The discussion revolves around deriving an expression for the vertical velocity (dy/dt) of a pendulum system, where a ball is tied to a rope and oscillates. The original poster is working with data collected from a Go! Motion sensor that records horizontal displacement and velocity, and is attempting to find the appropriate expression to calculate vertical velocity for a graph in Logger Pro.

Discussion Character

  • Exploratory, Conceptual clarification, Mathematical reasoning, Assumption checking

Approaches and Questions Raised

  • Participants discuss the relationship between vertical and horizontal components of motion, with the original poster attempting to express vertical velocity in terms of other variables. There are questions about the expressions used in Logger Pro and whether they are recognized by the software. Some participants suggest differentiating a geometric relationship analytically to find the vertical velocity.

Discussion Status

The discussion is ongoing, with participants exploring different mathematical approaches to derive the expression for dy/dt. Some guidance has been offered regarding the use of the chain rule and the need to differentiate the position with respect to time. Multiple interpretations of the expressions and their implications are being considered.

Contextual Notes

There is mention of specific constraints related to the lab manual and the need to relate vertical and horizontal velocities. The original poster has expressed uncertainty about the expressions and the calculations needed for their analysis.

Blake_ap1

Homework Statement


I need help finding the appropriate expression to use to add a "new calculated column" to produce a vertical velocity vs time graph in Logger Pro. The lab consisted of a ball tied to a rope, creating a pendulum. The Go! Motion sensor was set up to record the oscillations. The sensor recorded horizontal displacement and horizontal velocity. The x position vs time was calculated using the expression x = "R" - Ravg. The horizontal velocity was calculated using the expression y = L - sqrt(L^2-"x"^2).

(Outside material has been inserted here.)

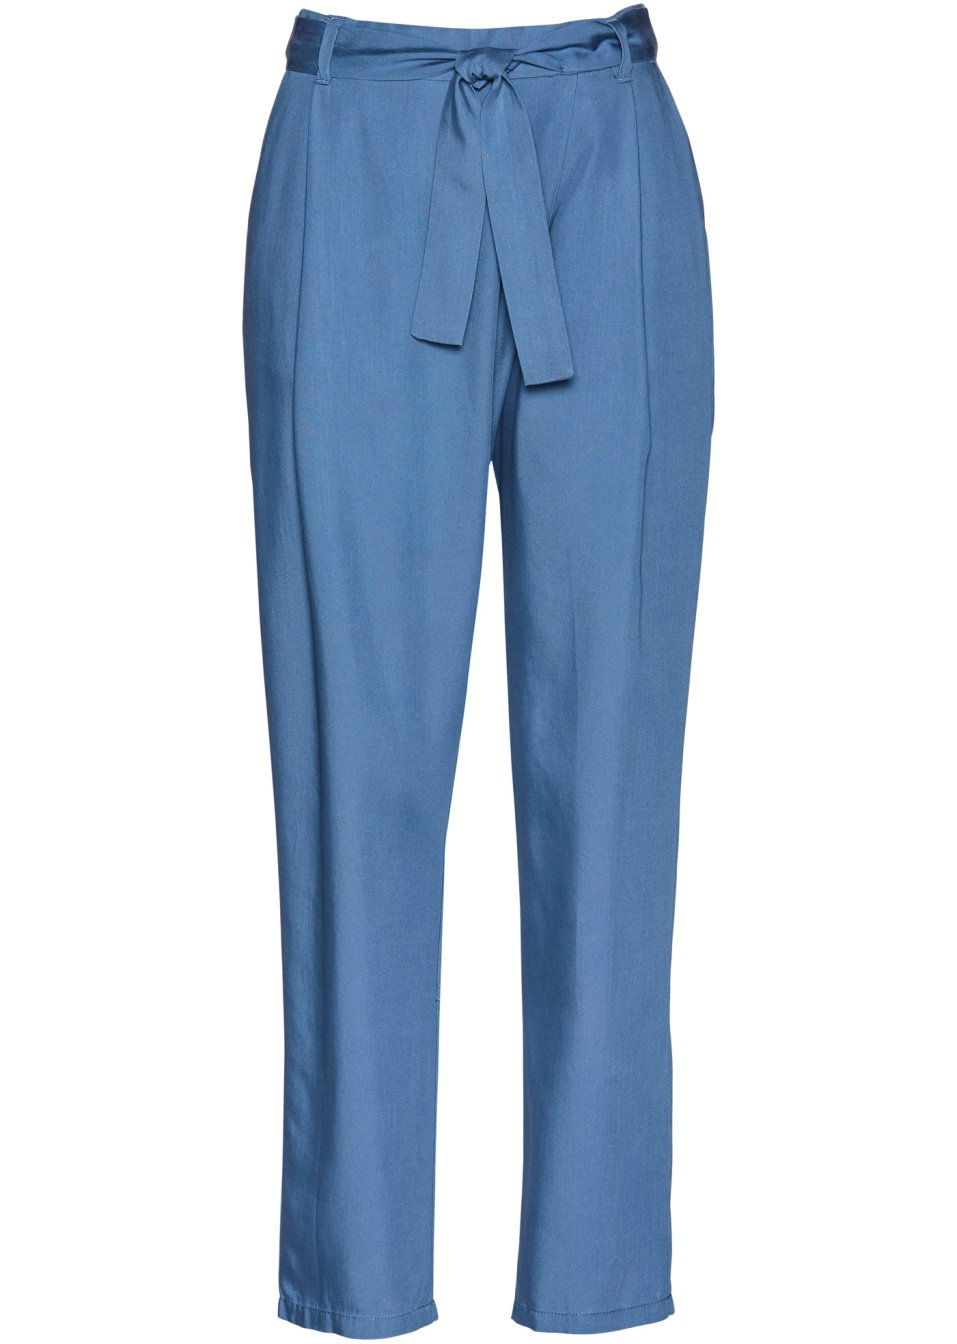 Bundfaltenhose aus TENCEL™ Lyocelll jeansblau - bpc selection premium online bestellen - bonprix.de tgZc7 E8x7J

I do not know what expression to use to find the vertical velocity.

R avg = (Rmax + Rmin) / 2 = 1.476 m. The section reads.

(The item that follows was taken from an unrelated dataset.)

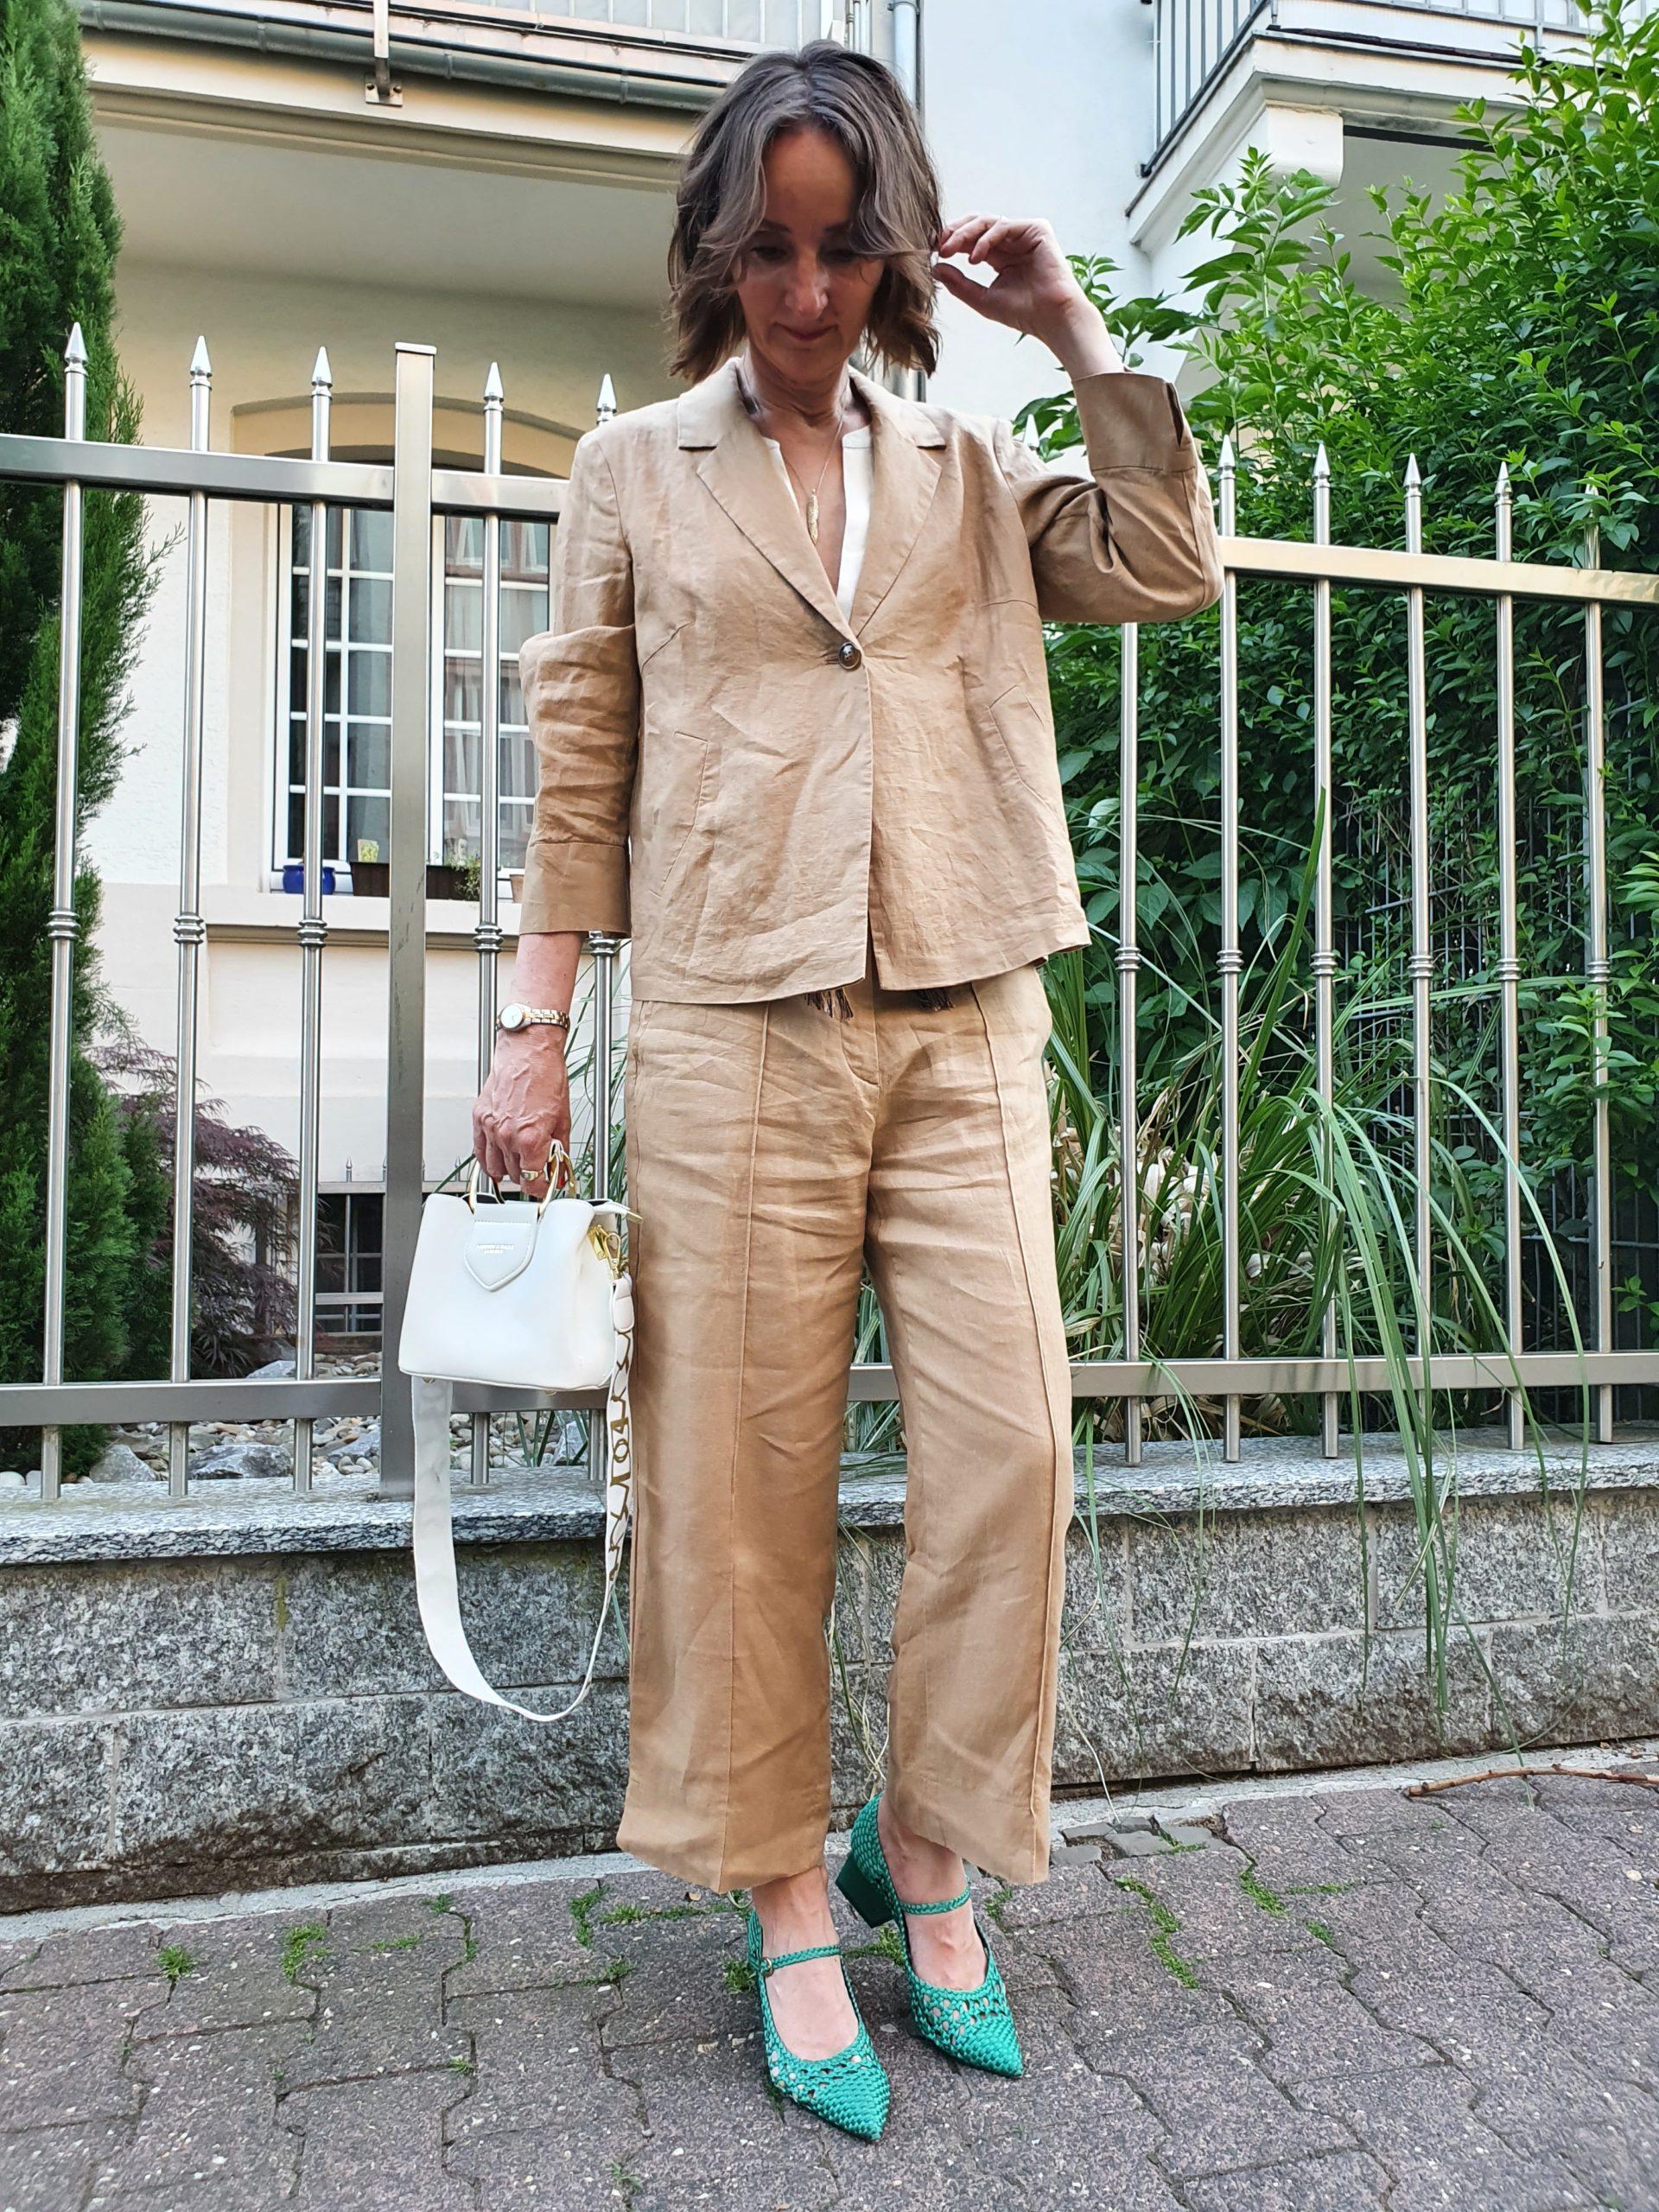 nachhaltige-mode-leinenanzug-dameng-beige-erry-weber.jpg

The horizontal velocity (vx) of the oscillating object was automatically calculated by the program. To find the vertical velocity (yy), create a new calculated column using the equation derivative("y"). The derivative (or dy/dt) is the rate of change of the vertical position with time. You should be able now to calculate the magnitude (v) of the resultant velocity. What is the appropriate equation for this calculation? Display vx, vy and v together on the same graph and include it in your lab report. Comment on the relationship between the three graphs.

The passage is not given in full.